How to obtain UMAP coordinates and cluster ID per cell?

denvercal1234GitHub commented 1 year ago

Hi there,

Thanks for the package.

The output of the pipeline produced FCS files and pdf of UMAP images.

I do aim to use these FCS files in other packages, such as Spectre package to analyse the data, but is there a way I could have the UMAP coordinates and clustering IDs of each cell produced by infinityFlow pipeline, so I can explore the UMAP programmatically instead of just having the PDFs?

The reason is because it seems there are particular steps needed to do for the imputed FCS files outputed from infinityFlow pipeline mentioned in the manuscript as below. Would you mind specifying how to do these steps for the imputed FCS so we can get the accurate UMAPs?
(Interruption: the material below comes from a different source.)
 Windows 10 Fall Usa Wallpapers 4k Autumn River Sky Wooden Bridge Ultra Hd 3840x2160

For dimensionality reduction, we used the UMAP algorithm (29) using its R implementation in the uwot package. UMAP was run with parameters n_neighbors = 15, min_dist = 0.2, metric = “euclidean,” and n_epochs = 2000. To run UMAP on imputed data, we first re- moved every events whose PE intensity was higher than 1/32 of the cytometer’s manufacturer-reported maximum linear range, as non-linear effects were causing compensation issues for these events (fig. S14), and applied background correction to the imputed intensities. To plot color-coded markers’ intensities on UMAP embeddings, we truncated the imputed intensities data vectors to their lower and upper 5/1000 quantiles.

Thank you.

ebecht commented 1 year ago

Hi @denvercal1234GitHub

By default you should be getting new channels in your FCS files with names "UMAP1" and "UMAP2" that correspond to (linearly-rescaled) UMAP embeddings of the backbone.
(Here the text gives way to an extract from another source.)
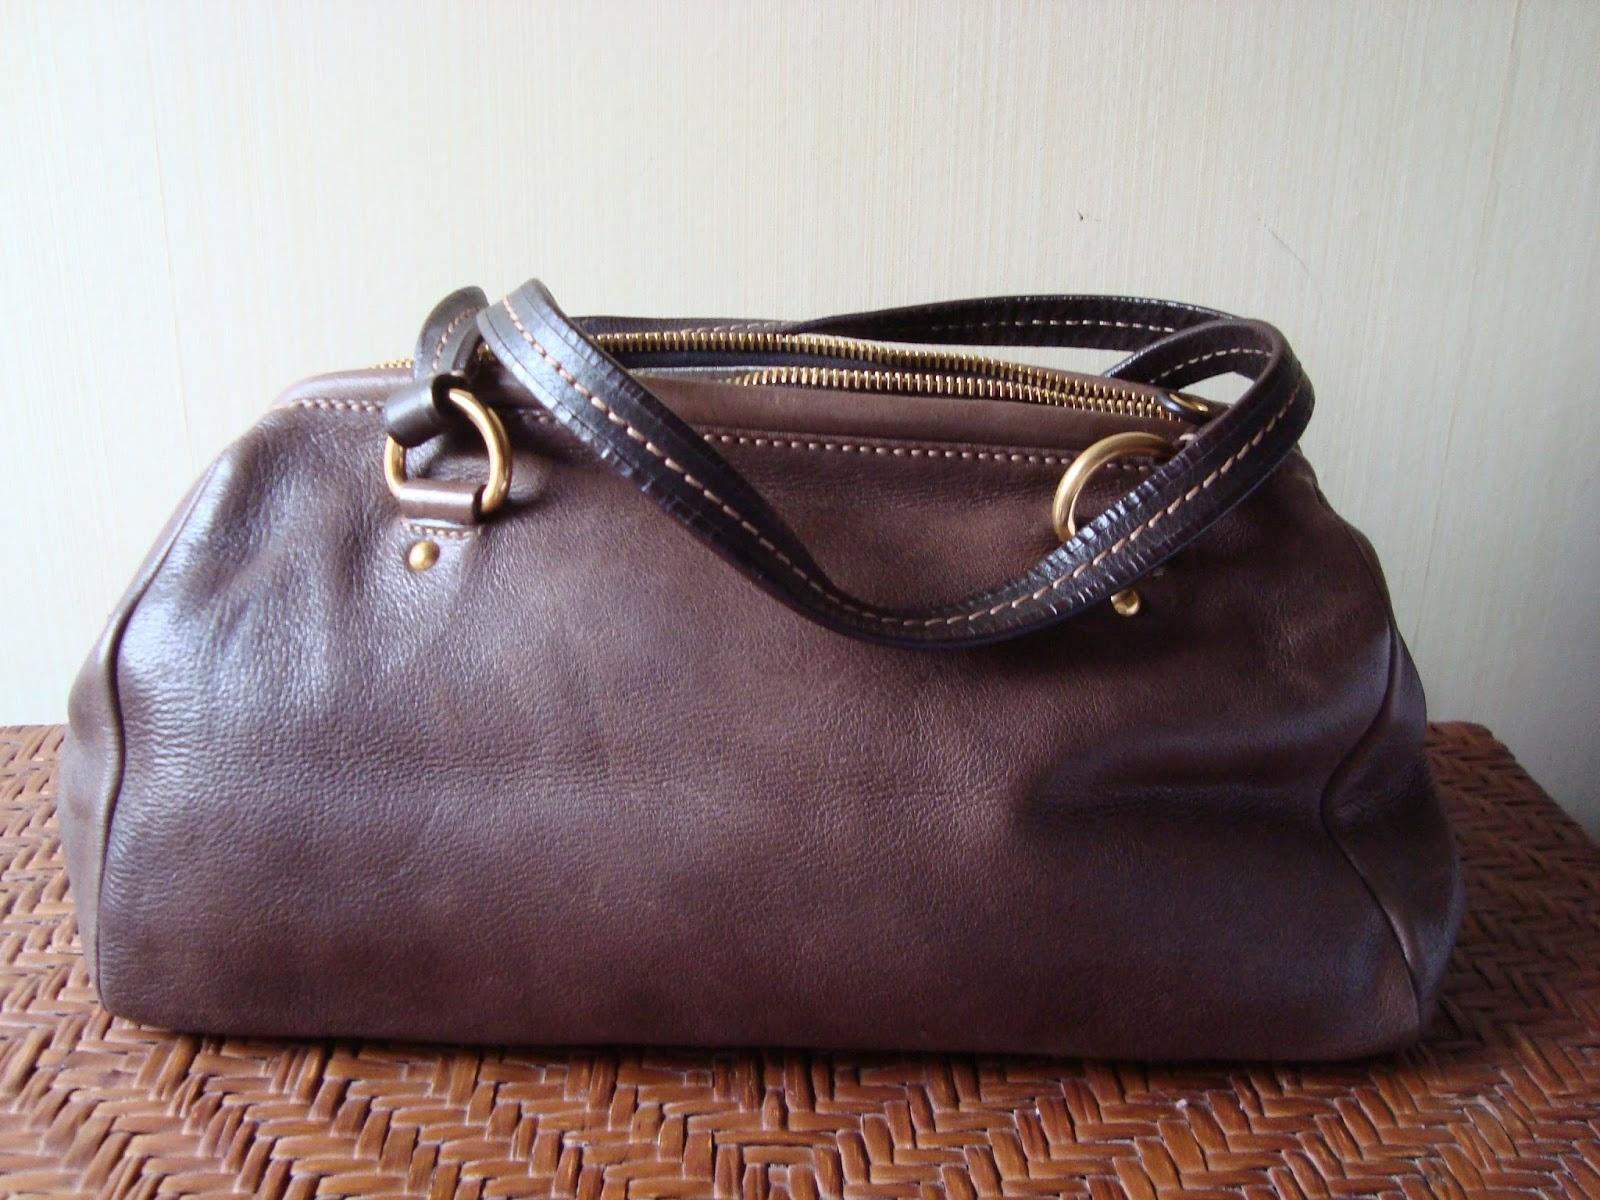 Car Shoe: Prada Dark Brown Leather Handbag

Clustering is not part of the pipeline so you would have to run that yourself.

If you want to run UMAP or clustering on the imputed data, this is not part of the pipeline at the moment. The two advices I would give you are to

Use the background-corrected files if you autofluorescence / unspecific binding is affecting the PE intensity (see Sup Fig 5 of the paper)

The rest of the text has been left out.